Pseudotime trajectory analysis further elucidated the homogeneity of the main highly proliferative iNSC population and outlined the commitment of a small fraction of cells towards a small subpopulation of early differentiating neurons, rendering iNSCs a valuable system for modeling early neurogenesis. Several genes were identified as important factors for the maintenance of iNSC stemness, e.g., HES4 and HES5, genes that are known to be important for the generation of the neuroepithelium during the early mouse development, but their role is not yet understood in humans [55, 56]. Conversely, FNDC5 was identified as a driver towards the neuronal commitment, an important factor in neuronal differentiation in mice and human embryonic tissues [61, 62]. However, the exact mechanism of FNDC5 biological function in human brain development is not fully elucidated.

Finally, we employed state-of-the-art in silico pipelines in order to extract transcriptomic signatures of different cell types present in the in vivo developing embryonic human brain.

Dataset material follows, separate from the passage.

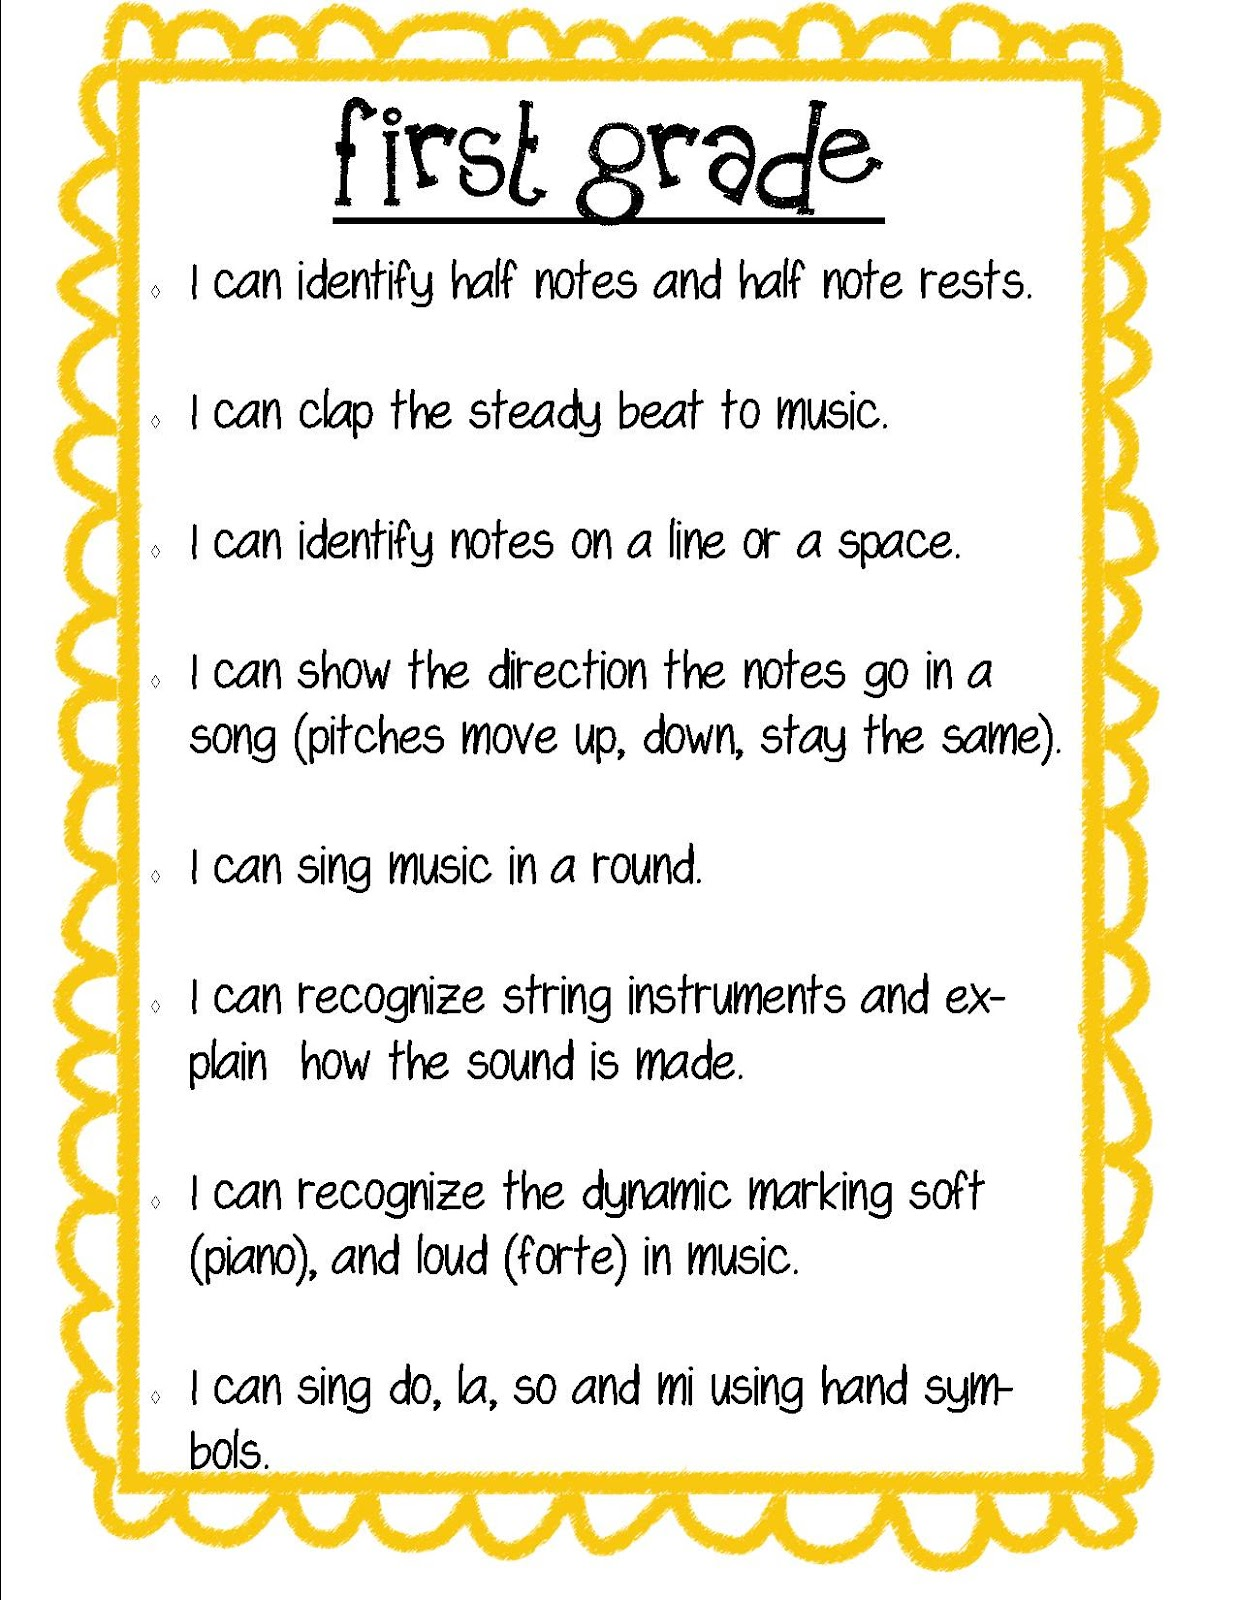 Worksheet. Short Stories For 1st Grade. Wosenly Free Worksheet

Subsequently, we compared these signatures to the in vitro derived NSCs and investigated whether these cells have transcriptomically similar cellular and developmental identities to the embryonic counterparts. Intriguingly, iNSCs are indeed transcriptomically similar to embryonic neuroepithelial cells of D.W. 5, with the subcluster of spontaneously differentiating cells being annotated as neuronal cells of either D.W. 4–8 (Eze et al. atlas) [29], or D.W. 5–6, based on the Zeng et al. reference dataset [30], emphasizing the potential of the model for the investigation of early neurogenesis.

Conclusions

In summary, our data demonstrates that iNSCs represent a monoclonally expandable multipotent population of stem cells reflecting developmental age of 5 weeks of embryonic development. They represent a suitable, potentially autologous cellular population for studying early events of human brain development, as well as modeling pathoneurological phenotypes.